Бутейко М. Д., кормящая мать»
Белая ночь, часа три, светло. На улицах Питера редкий народ. Всем почему-то радостно. То ли от воды, то ли от света. В районе Дворцовой площади навстречу идут, обнявшись, два совершенно счастливых парня. На них белые брюки, белые рубашки. Всем встречным, улыбаясь до ушей, они сообщают: «Нет! Мы не пидоры!»
Август. Принято вспоминать про «Курск»
Подводники немного другие. Не такие как все. Этот мир для них не реален. Для них реален тот, подводный мир, где опасности со всех сторон, а этот – какой-то несерьезный, смешной. А еще они проверяют этот мир на прочность или опасность. Они словно говорят: «Смотри, он же гнется во все стороны, как обычный картон, он совсем не опасен».

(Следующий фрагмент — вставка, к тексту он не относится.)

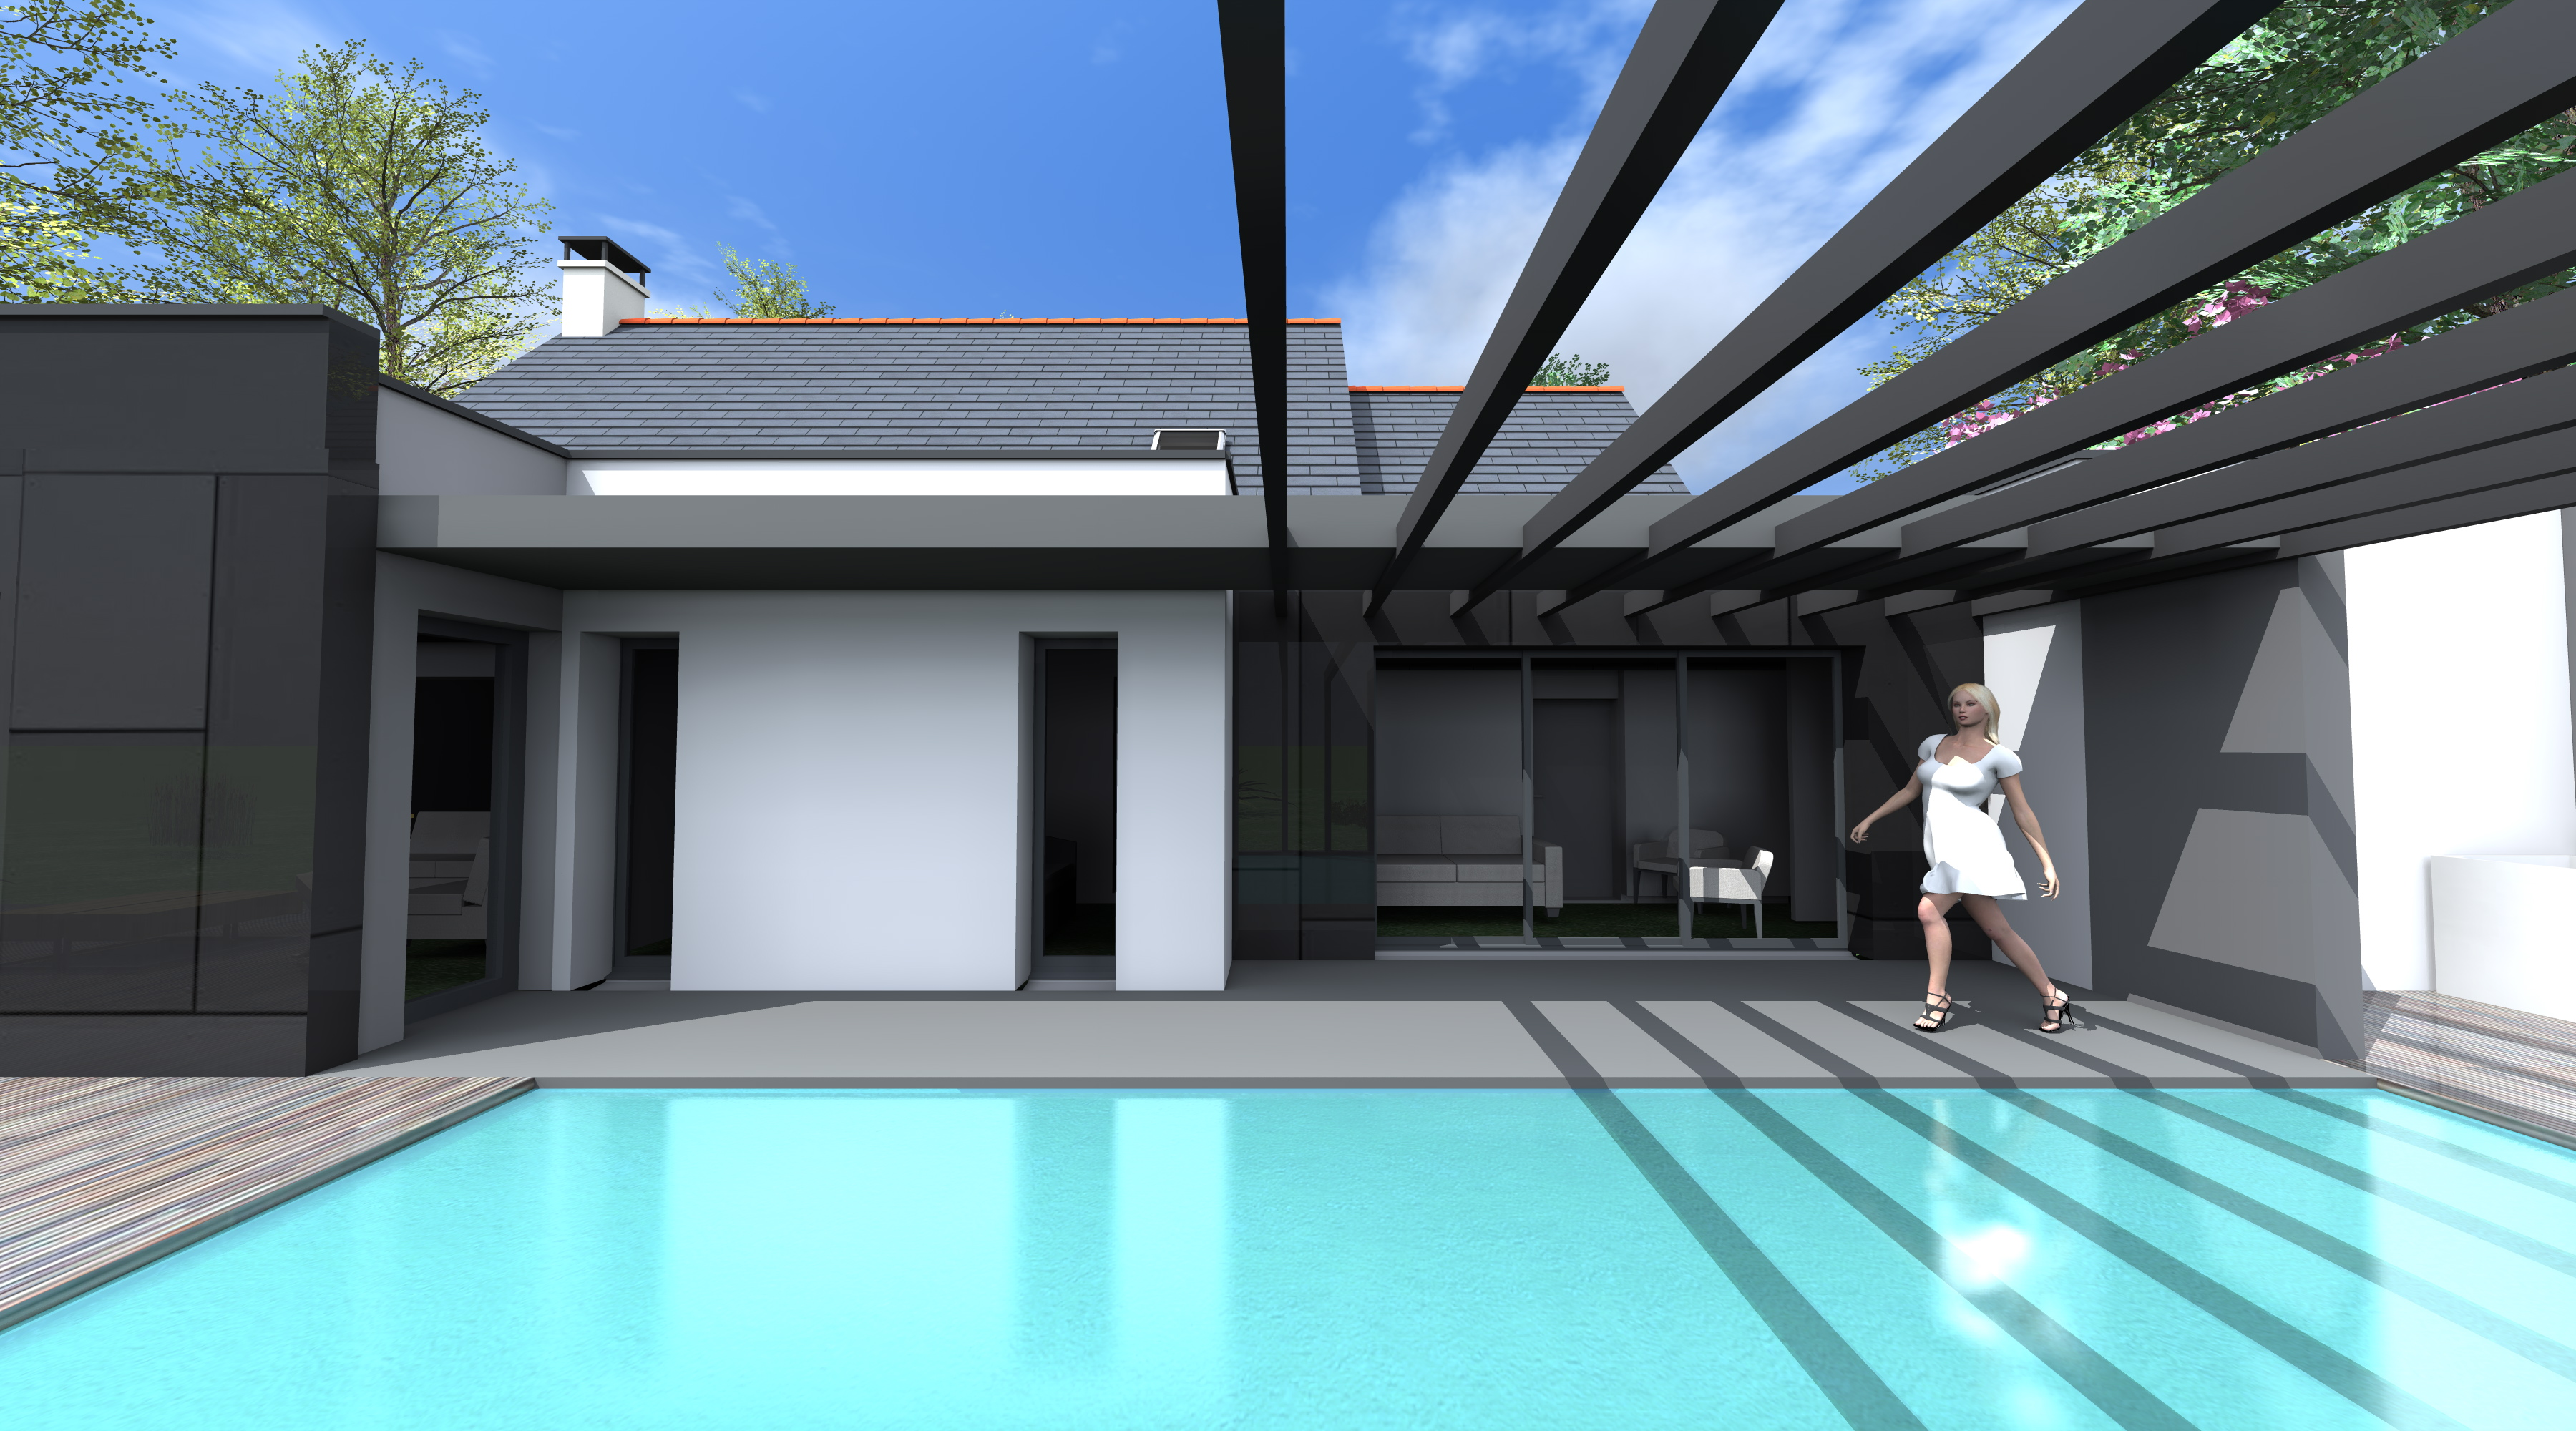 Projet k k 1 2 vue architecte lise roturier rennes for Piscine architecture
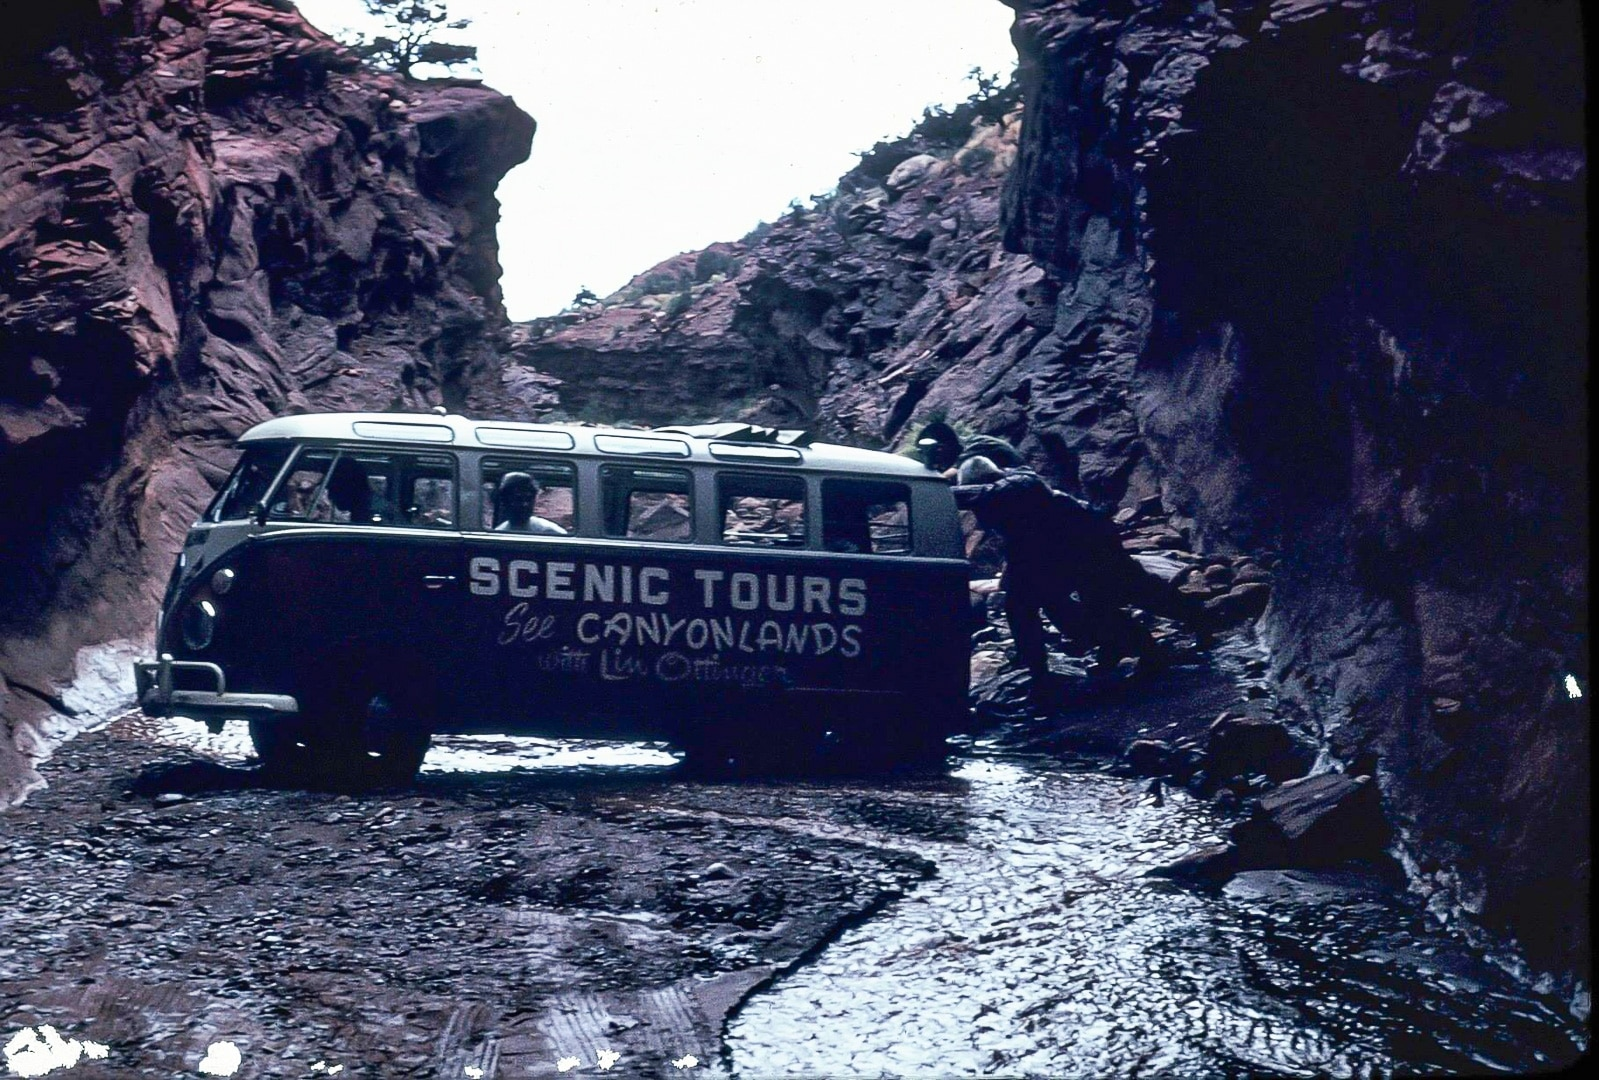 Lin Ottinger Canyon Land Scenic Tour VW Bus - BeCombi - Une-19

Вот идут два лейтенанта по Троицкому мосту в Питере, в форме, при всем параде. Один другому говорит: «Спорим, что сейчас с моста прыгну?» – и прыгает. Там метров двадцать пять до воды.
Еще о «Курске». Государству я не верю. И в 6 часов жизни тех, в 9-м отсеке, не верю. Если подводник пишет записку – значит, он боролся до конца. Не меньше трех суток.
Да, они могли выйти. Но надо было выходить самим. Сразу. Не ждать помощи. Помощь от адмиралов всегда придет невовремя. Холодная, бесстыжая сволочь.
Те ребята мне в сыновья годились.
Конечно, им надо было сразу собраться в 9-м, снарядить всю регенерацию, подготовить люк к открытию, одеться в теплое белье и СГП, растянуть тубус на люке, обступить его со всех сторон и дать в отсек ВВД. Чуть больше 7,5 кило (над люком было 74 метра). Если повышаешь давление за минуту, то кессонки не будет. Давление чуть выше 7,5 – и крышку люка сорвет, вода войдет внутрь и будет стоять у края тубоса. Под него – и выныривай. Свободное всплытие без аппаратов. За минуту вышли бы все.
Но это так. Взгляд со стороны. Никто не рассчитан на такое напряжение. Никто не рассчитан на то, что ведешь себя умно, не теряешь самообладания, когда от удара тебя мешает с ящиками ЗИПа и сорванными с места электрощитами.
Рассказали одну историю. Мама и ее взрослая дочь возвращаются с дачи, идут полем к электричке. Маме захотелось пописать, она ищет кусты. Кустики есть, но только они редкие и жидкие какие-то. Она лезет в них задом, а дочь ее корректирует, обе при этом кричат.
– Видно?
– Да, да, видно, еще дальше.
Мама – женщина, кстати, необычайно дородная, с приятными, хоть и огромными формами – пятится дальше в кусты.
– Видно?
– Да, да, давай еще!
Она еще пятится, и еще, и еще.
Наконец, дочь ей делает отмашку – начинай! – она садится и натруженно ссыт.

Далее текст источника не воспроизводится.